Drop the images. Copy every line below character for character.

[Data section]
══════
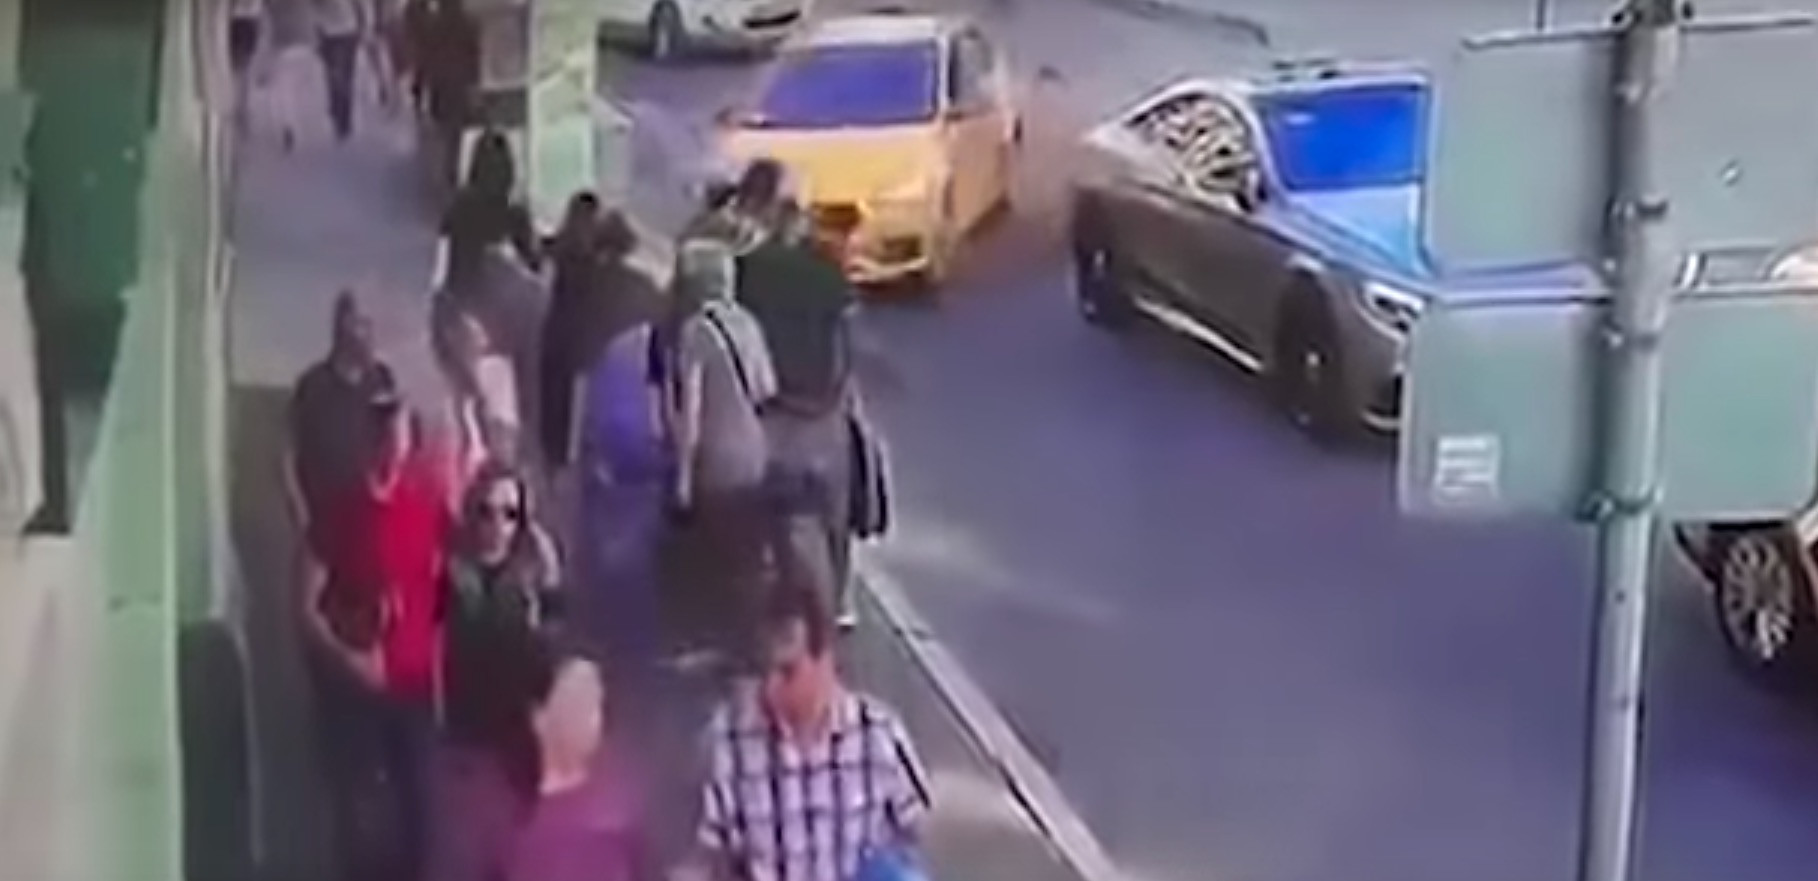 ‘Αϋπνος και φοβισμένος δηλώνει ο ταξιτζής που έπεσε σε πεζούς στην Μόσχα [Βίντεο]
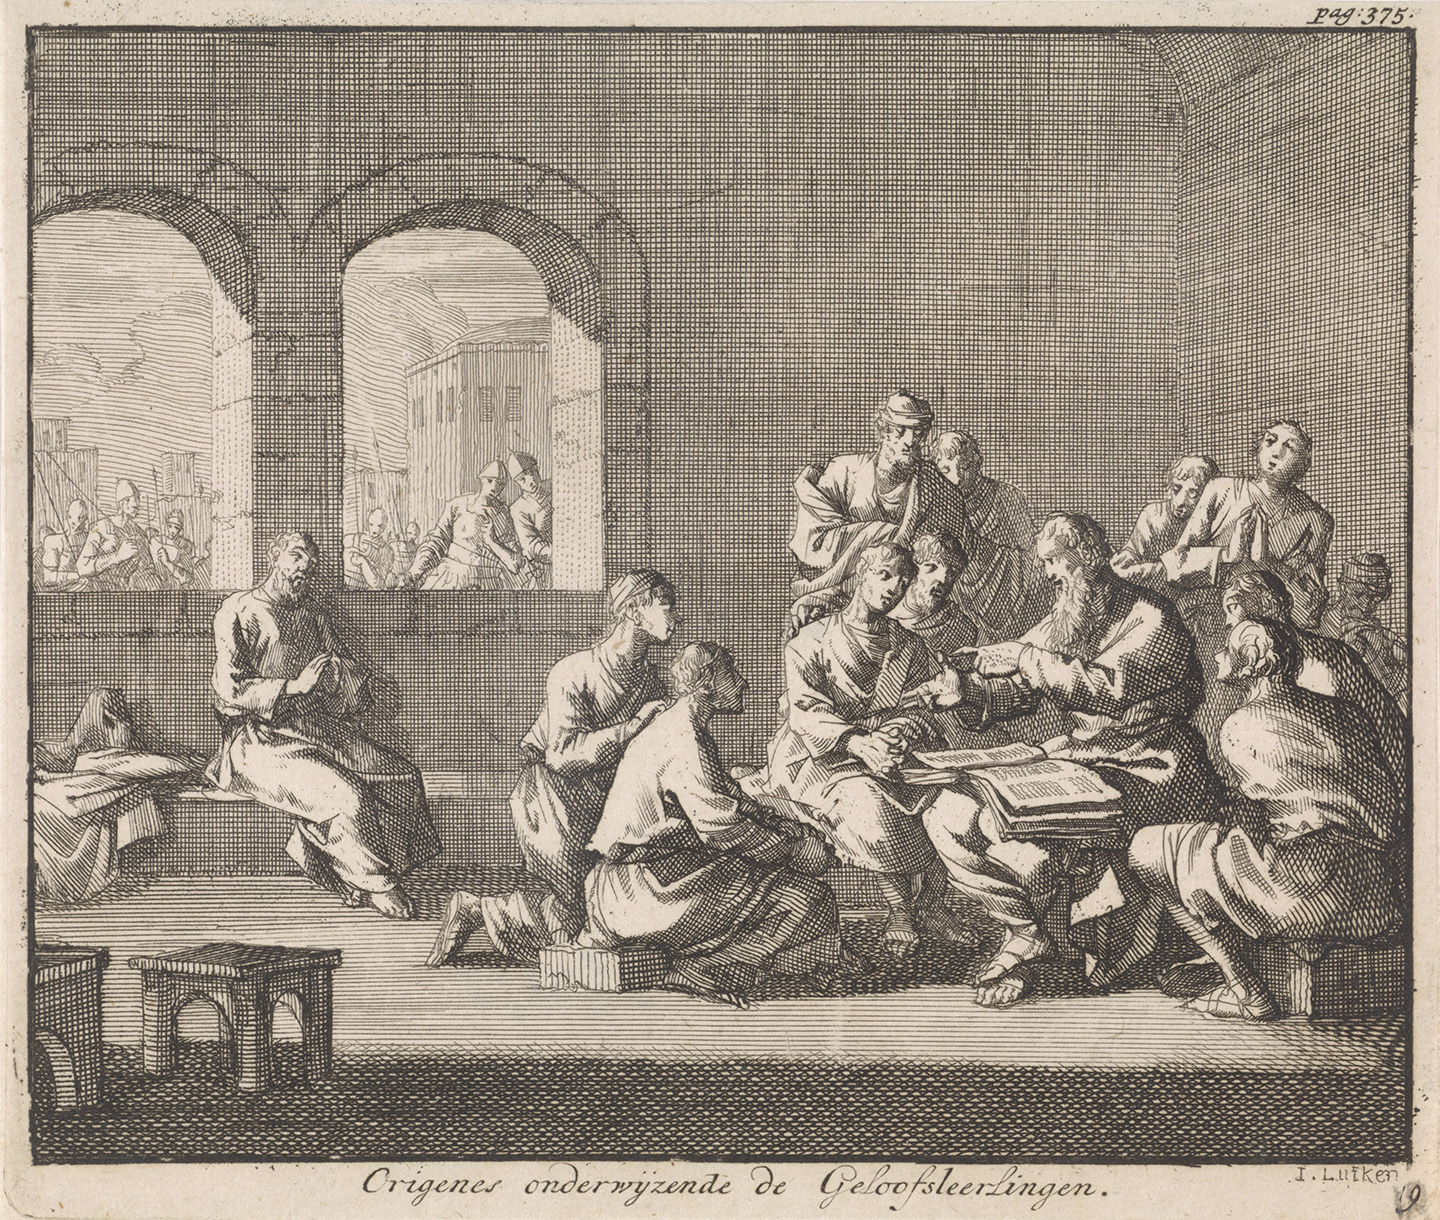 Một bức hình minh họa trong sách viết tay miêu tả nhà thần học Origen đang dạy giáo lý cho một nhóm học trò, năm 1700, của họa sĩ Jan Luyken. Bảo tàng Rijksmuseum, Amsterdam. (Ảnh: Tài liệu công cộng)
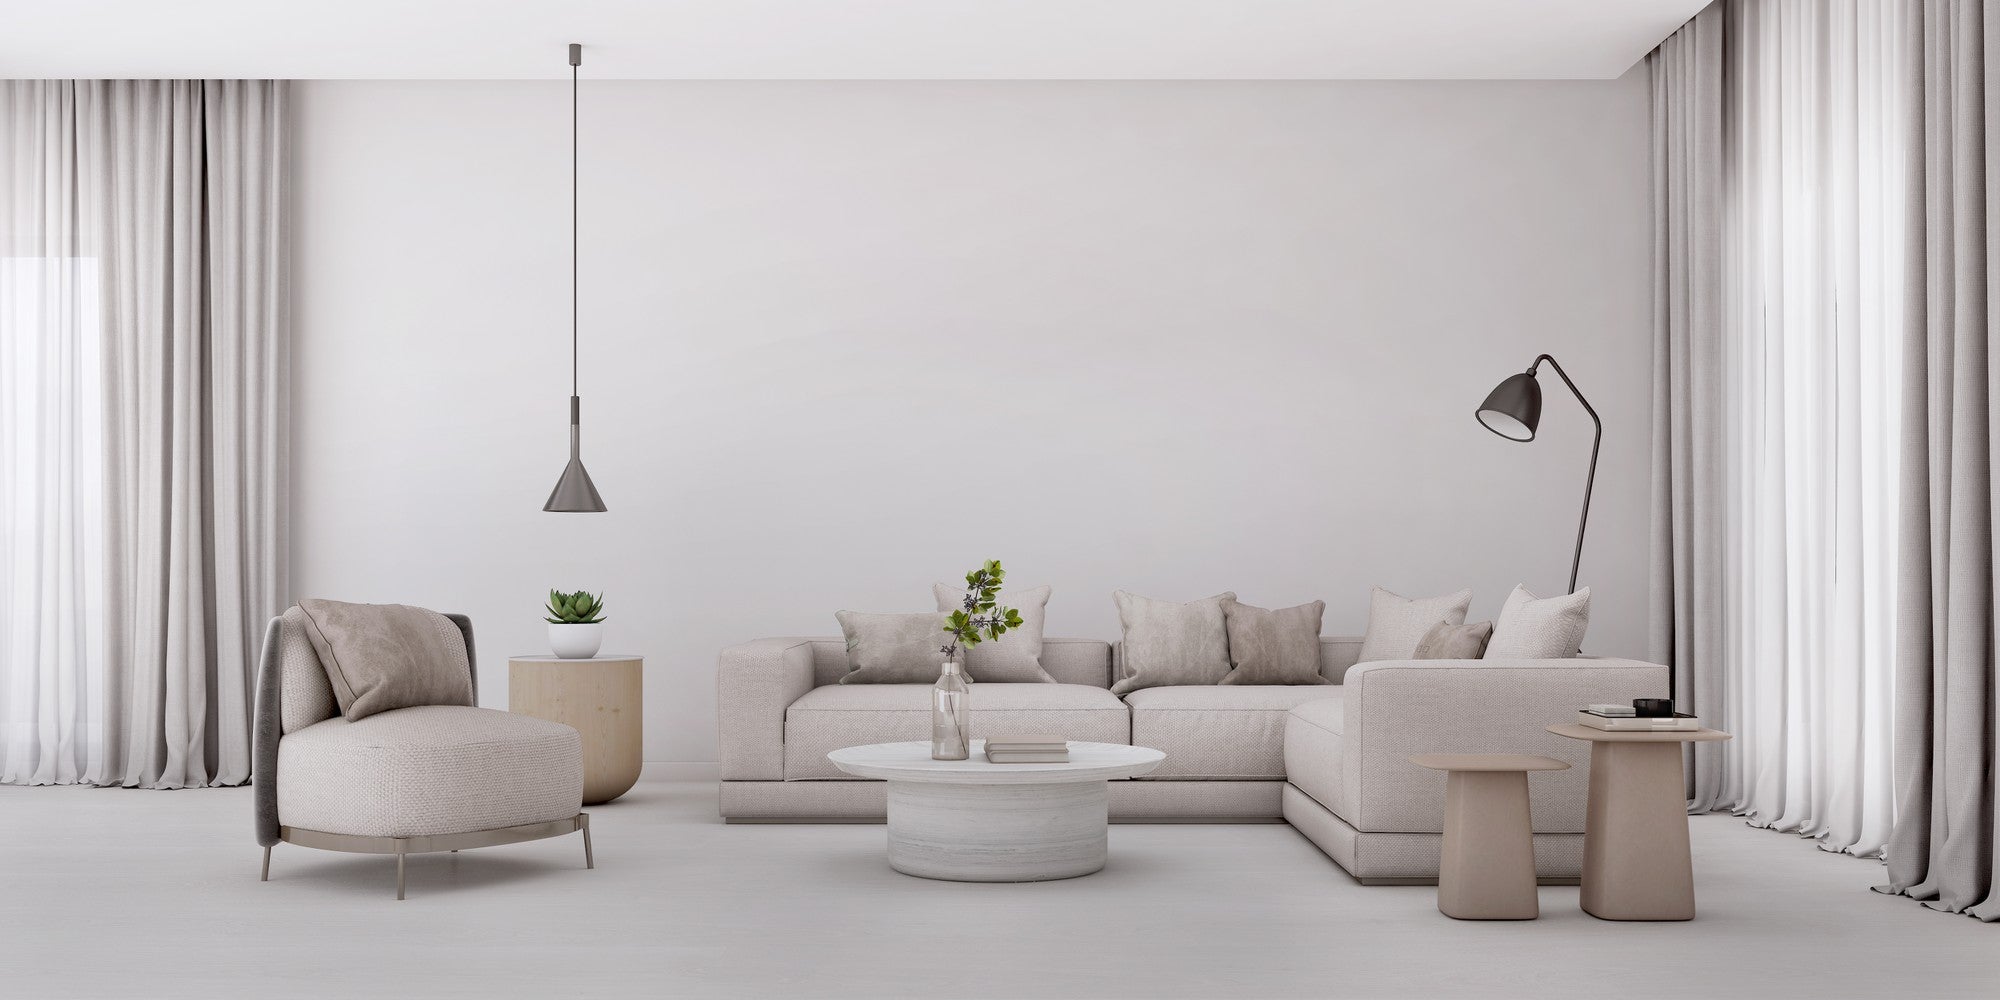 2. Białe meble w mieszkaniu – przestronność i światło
══════
[Answer box]
 ‘Αϋπνος και φοβισμένος δηλώνει ο ταξιτζής που έπεσε σε πεζούς στην Μόσχα [Βίντεο]
 Một bức hình minh họa trong sách viết tay miêu tả nhà thần học Origen đang dạy giáo lý cho một nhóm học trò, năm 1700, của họa sĩ Jan Luyken. Bảo tàng Rijksmuseum, Amsterdam. (Ảnh: Tài liệu công cộng)
 2. Białe meble w mieszkaniu – przestronność i światło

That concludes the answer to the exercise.